CuQuantum.jl

Julia bindings for the NVIDIA cuQuantum SDK, providing GPU-accelerated density matrix simulation for open quantum systems.

Motivation

Standard Lindblad solvers materialize the Liouvillian as a sparse $D^2 \times D^2$ matrix and compute $\mathcal{L}[\rho]$ via sparse matrix-vector multiply. For $M$ coupled cavities with Fock truncation $d$, the Hilbert space dimension is $D = d^M$. At $M=8$, $D=6{,}561$ and the Liouvillian has 43 million rows — requiring >77 GB just for the sparse matrix.

CuQuantum.jl wraps NVIDIA's cuDensityMat library, which decomposes $\mathcal{L}[\rho]$ into tensor network contractions over small per-mode operators. It never forms the full superoperator, enabling simulation of systems where sparse approaches are infeasible.

When to use cuDensityMat

Regime	Hilbert dim	Best approach
$M \le 4$	$\le 81$	CPU sparse (QuantumToolbox.jl)
$M = 5\text{--}6$	$\le 729$	GPU cuSPARSE SpMV (fastest per-action)
$M \ge 8$	$\ge 6{,}561$	cuDensityMat (only option)

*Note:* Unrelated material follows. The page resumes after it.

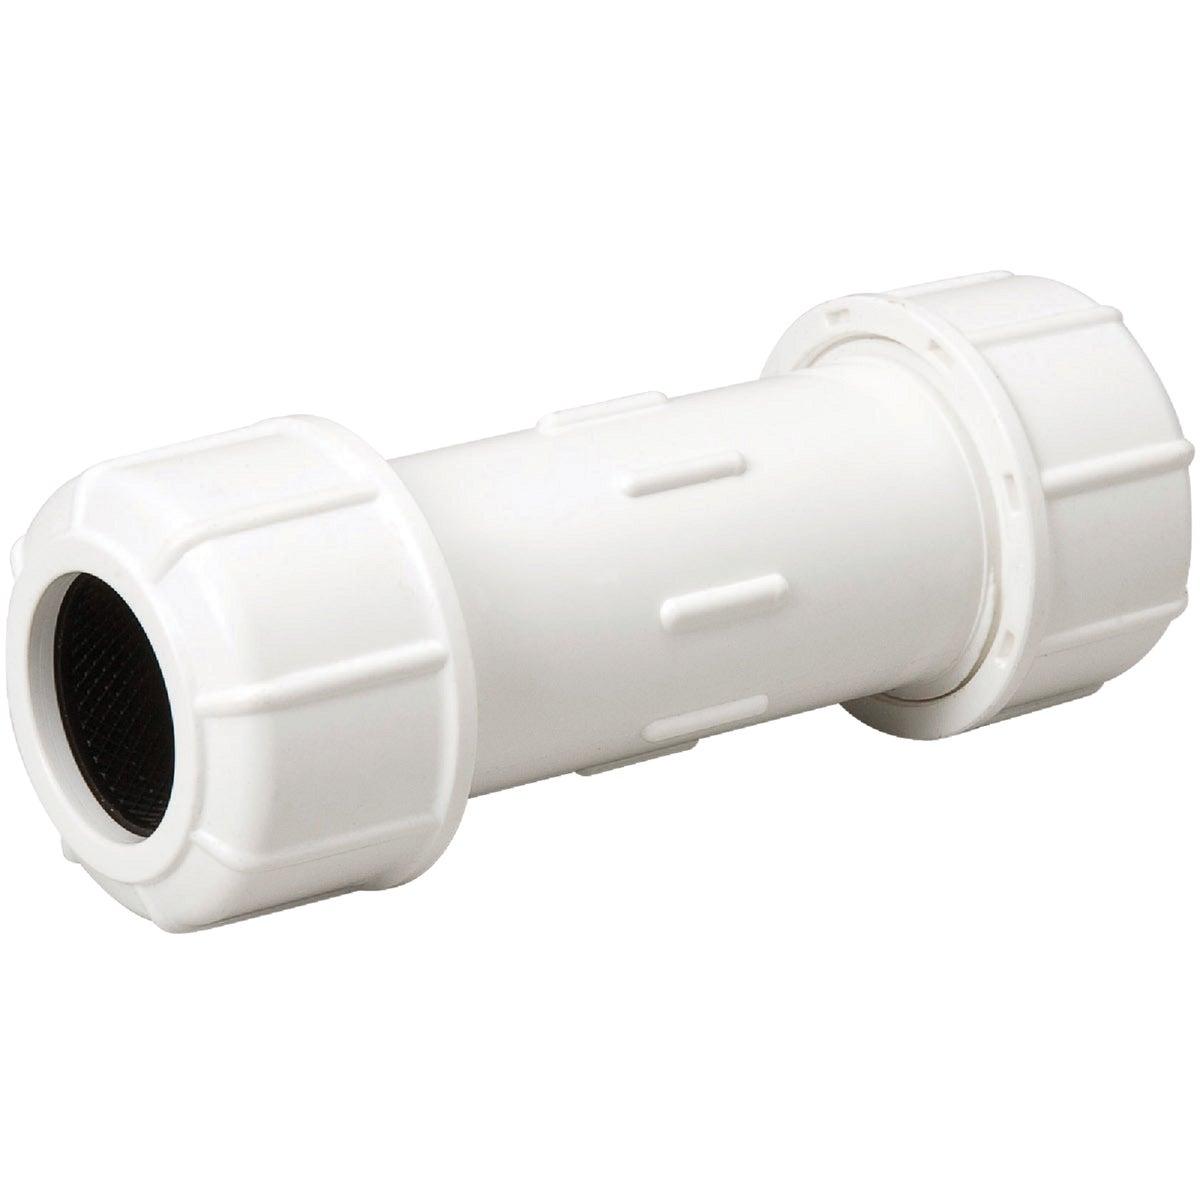 1X5-1/2 PVC COUPLING

cuDensityMat also supports native batching — many density matrices evolved with different parameters in a single kernel launch — and backward differentiation for parameter gradients, both essential for quantum optimal control.

Features

Lindblad master equation — time-dependent Hamiltonians with dissipation
Time-dependent callbacks — CPU scalar and tensor callbacks for driven systems
Backward differentiation — parameter gradients via VJP (single-GPU)
Native batching — parallel evolution of many states with different parameters
Expectation values — $\text{Tr}(O\rho)$ for arbitrary operators
MPI/NCCL distributed — multi-GPU forward-pass computation
Tensor network contraction — never materializes the full superoperator

Installation

using Pkg
Pkg.add(url="https://github.com/harmoniqs/CuQuantum.jl")

Requires a CUDA-capable GPU (Turing or newer) and Julia 1.10+.

Benchmarks

All benchmarks use $M$ coupled cavities with Fock truncation $d=3$, Kerr nonlinearity + all-to-all coupling + photon loss. See Methodology for the full problem specification.

Single $\mathcal{L}[\rho]$ Action — A100

Time for one evaluation of the Liouvillian action (median, after warmup).

M	D	CuQuantum.jl	cuSPARSE SpMV	Sparse feasible?
2	9	0.27 ms	0.039 ms	yes
4	81	1.22 ms	0.048 ms	yes
6	729	6.45 ms	0.90 ms	yes
8	6,561	620 ms	—	no (>77 GB)
9	19,683	6,742 ms	—	no

Full 100-step RK4 Simulation — A100

M	D	CuQuantum.jl	cuSPARSE RK4	QT.jl CPU
4	81	0.46 s	0.018 s	0.021 s
6	729	2.62 s	0.32 s	5.89 s
8	6,561	250 s	—	—

Batched Evolution — A100

Many density matrices evolved with different coupling strengths in one kernel launch. This is the parameter sweep use case for quantum optimal control.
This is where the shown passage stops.